Rapidan Camp
Prime Minister's Cabin


Photograph of Prime Minister Ramsay MacDonald.

The Prime Minister's Cabin was named for Ramsay MacDonald, Prime Minister of Great Britain who was a guest at Rapidan in 1929. President Hoover brought the Prime Minister to Rapidan to discuss naval disarmament.

Herbert and Lou Henry Hoover at the Prime Minister's cabin at Rapid Camp.

Lesson 2
Discussion Topics


Because it was an historic discussion and the press were not allowed at Rapidan, a political cartoonist drew his idea of what happened between the two leaders. The cartoon carried the caption: "The hope of a more certain peace." What do you think the cartoonist meant?

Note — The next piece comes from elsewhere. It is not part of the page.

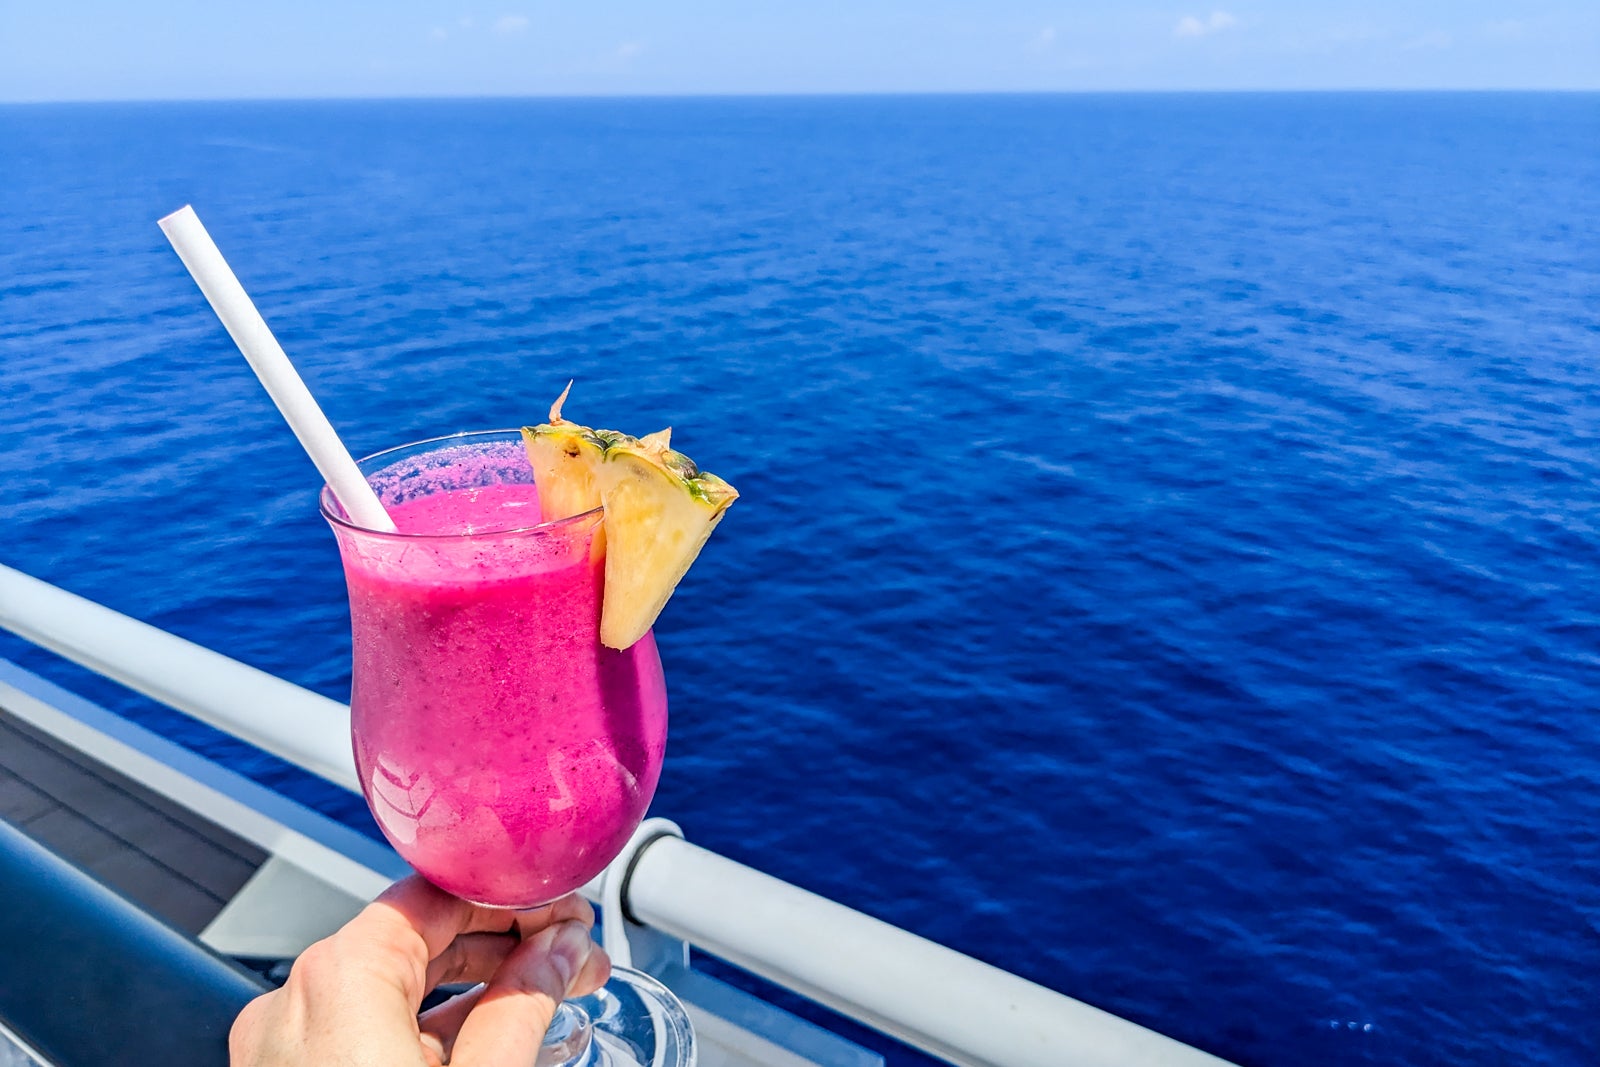 Bright magenta smoothie by cruise ship railing overlooking the ocean
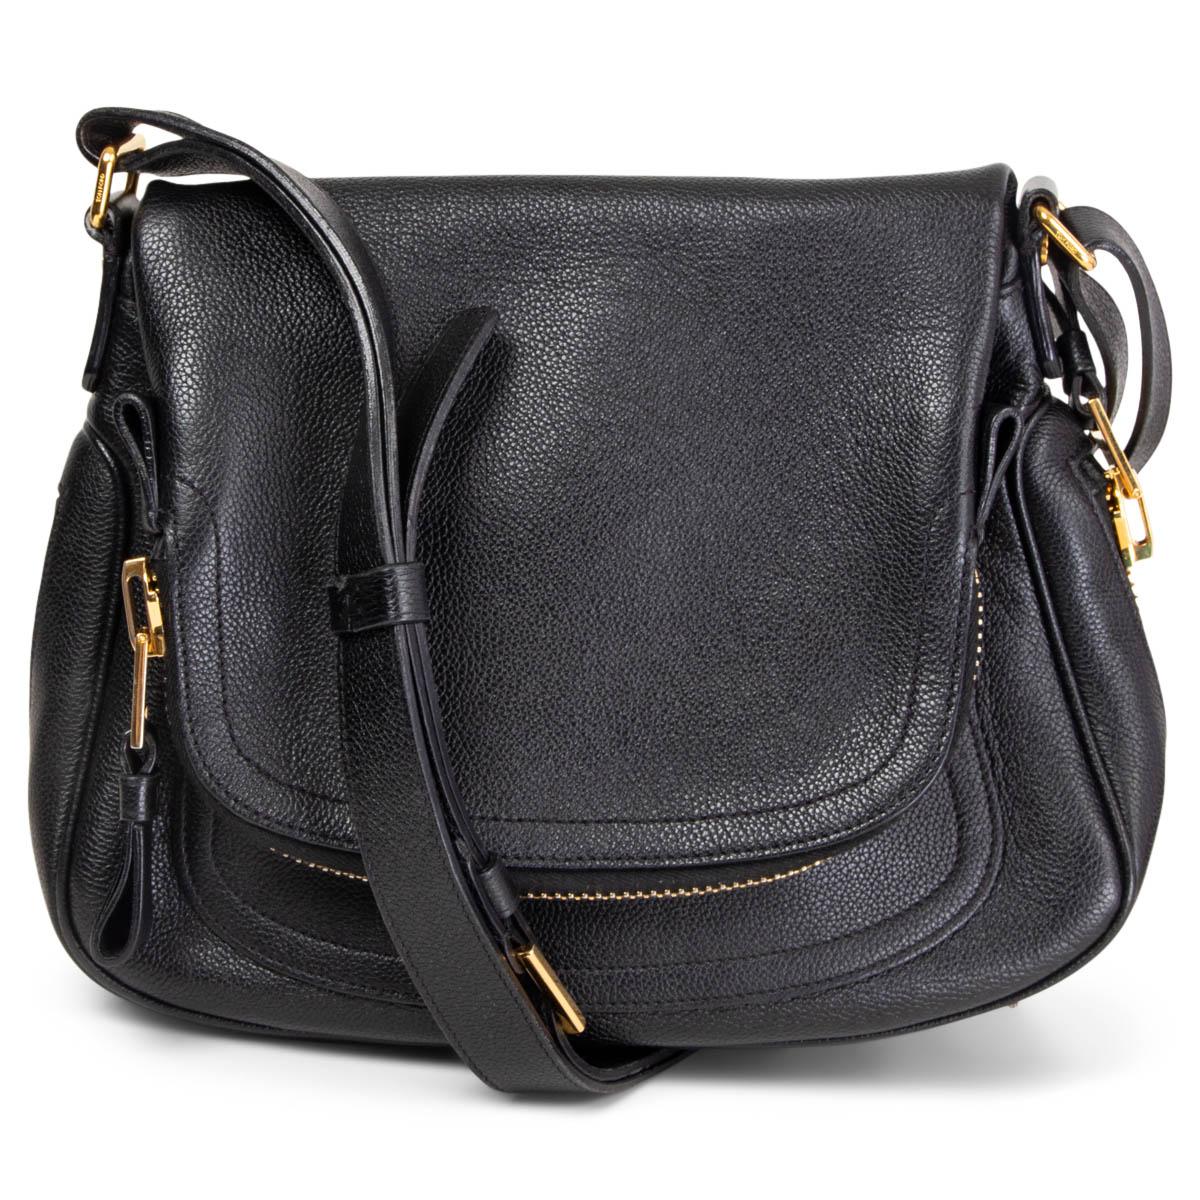 100% authentic Tom Ford 'Jennifer Medium' crossbody bag in black grained leather. Adjustable shoulder strap. Expandable zipper gusset. Zipper pocket flap with open pocket on the front under the flap. Lined in black suede with a zipper pocket against

Illustration of Hoover and Prime Minister Ramsay MacDonald sitting on a log by the banks of a stream. Hoover is whittling a branch, and MacDonald is smoking a pipe. The front of the Prime Minister's cabin.

Political cartoons have a long history in the free press. Look at several other cartoons drawn during Hoover's administration. Look at the cartoons below, Explain what point the cartoonist was making.

Herbert Hoover rocking two cribs with wailing babies, one labeled Drought Damage and Tarrifs, and the other labeled Business Depression. The cartoon is titled, Awful Job to Quiet Anything Around Here. Cartoon of Herbert Hoover and company, pumping millions of dollars into a skyscraper-sized pump to fund public works projects. Out of the pump spills roads, buildings, industry, and waterways. Cartoon of a smirking Herbert Hoover, with car piled high with luggage, leaving Washington politics for the private life at Rapidan Camp.